Они молчали долгие три минуты. Никто не плакал. Это время парни решили потратить на осмысление сказанного. Одна и та же правда била по голове осознанием, что все рано или поздно кончается. Кончается заряд на телефоне, кончается бензин в машине, арахисовое масло, страховка, жизнь кончается. И если масло, бензин, страховку можно заменить, то… То найти замену дорогим людям невозможно, как и счастливому детству, школьным годам. Ванесса умерла, и ничто на свете этого не восполнит. Ничто.
– Я знаю, что не сказал о парочке своих мыслей, но… Не смей думать об одиночестве. Мы всегда будем рядом. Нам лишь надо разобраться со своими жизнями. Понять, кому куда идти. Люди, которым суждено быть вместе, не расстаются надолго. Все решит судьба.
– Ты это в книжках Ричарда вычитал? – Том протянул листок Джеку.
– Нет, просто я тоже задумывался обо всем в последнее время. Вот и пришел к выводу, что бояться нечего. Все будет хорошо, когда-нибудь точно. – Джек прищурился и смог разглядеть Дилана, до сих пор стоявшего в очереди к автомату. Он явно злился. – Надеюсь, Дилан не начнет драку с детьми за газировку.
– Дилан не такой. – По почерку тяжело было сказать об интонации, но Джек все равно уловил неуверенность в этих словах.
– А какой он, Том?
Джек чуть не подпрыгнул от счастья, когда тема зашла о Дилане. Джек волновался. Он не мог быть рядом и при необходимости вмешаться. Все поступки и их ответственность лягут на Тома, а он, как известно, не всегда старался предугадать их последствия. Безопасно ли жить с Диланом? Не превратит ли он жизнь друга в ад? Джек выпал на пару минут, а Том как раз завершил свое сочинение на три листа.

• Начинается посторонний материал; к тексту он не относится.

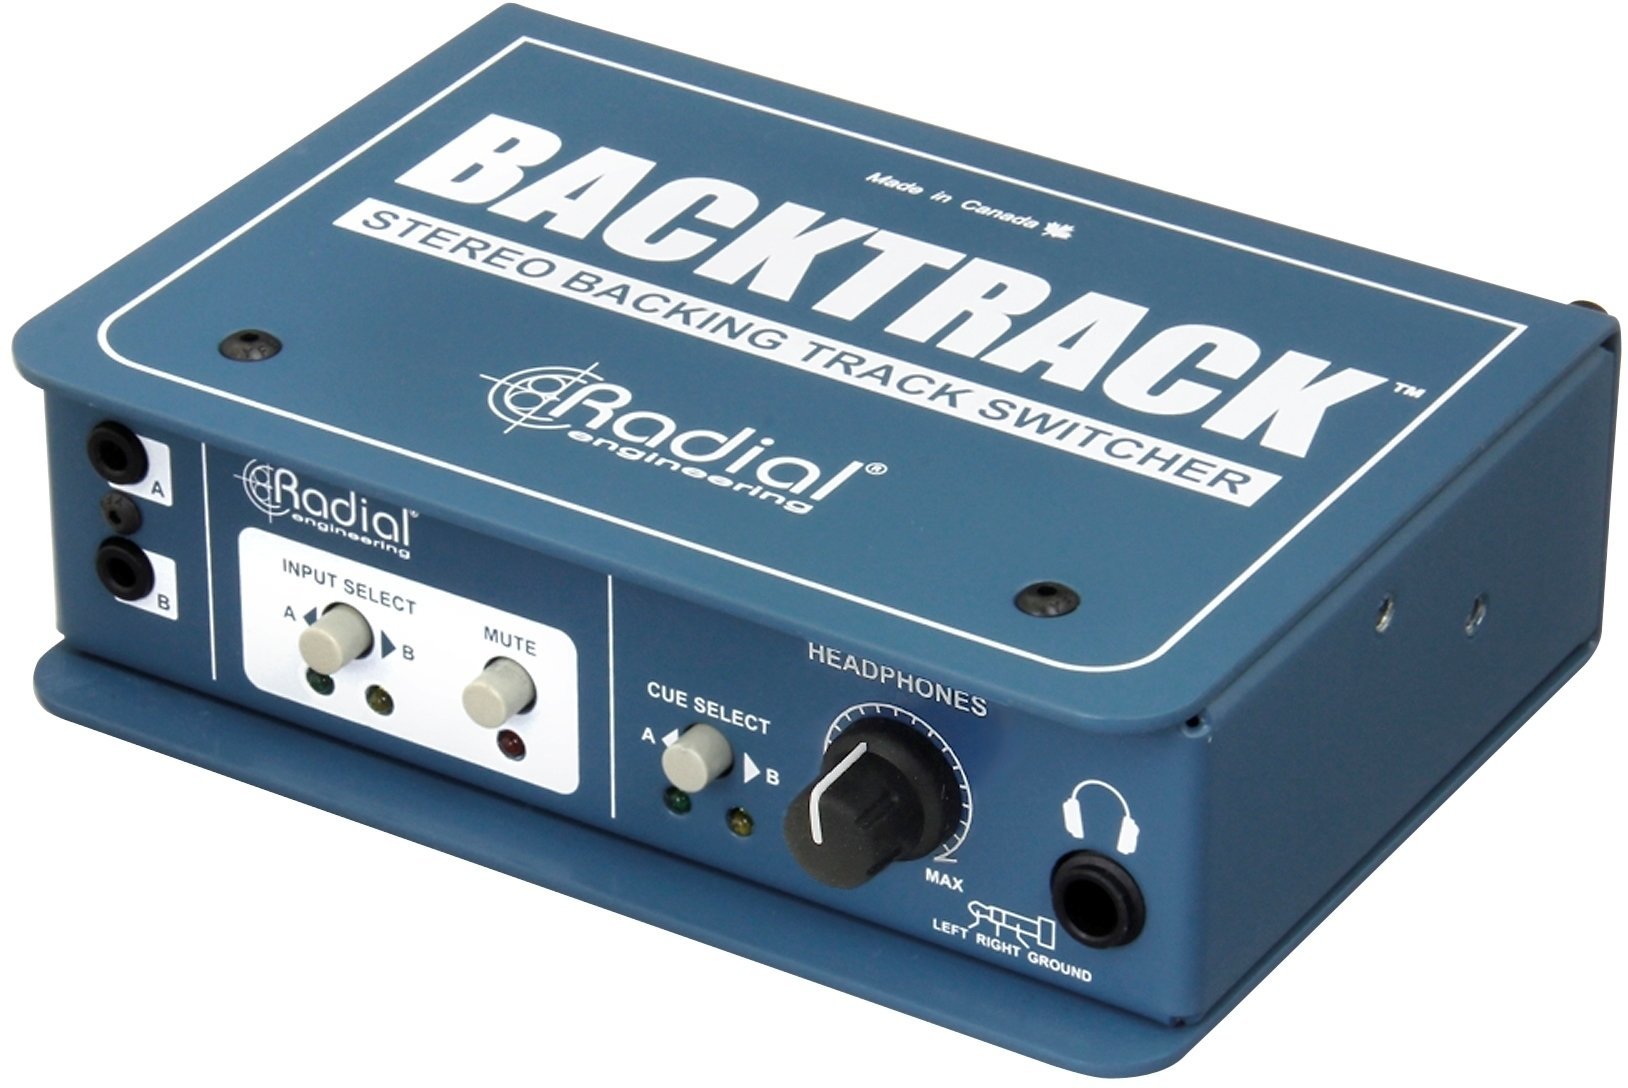 Procesor dźwiękowy/Procesor sygnałowy Radial Backtrack

– Не знаю. Не буду врать. Как я могу говорить, кто он такой и что из себя представляет, если мы знакомы всего ничего? Он хочет выступать на Бродвее, как и я, он красивый, харизматичный, целеустремленный и, узнав, что у меня резко стало много денег, не перекладывает оплату счетов на меня. – Том уничтожил первый листок и протянул Джеку второй. – Для него я такой же незнакомец, не забывай. Ссора с вами, выпускной и смерть мамы… Испытание нашей дружбы уже началось.
– Мне кажется, в нем что-то есть, – сказал Джек, боясь обидеть друга или вызвать конфликт на ровном месте, но Том сразу понял, о чем Джек говорит. – У него очень переменчивое настроение и непонятная мне мораль. – Том отвел глаза в сторону и протянул подыскивающему слова другу последнюю бумажку.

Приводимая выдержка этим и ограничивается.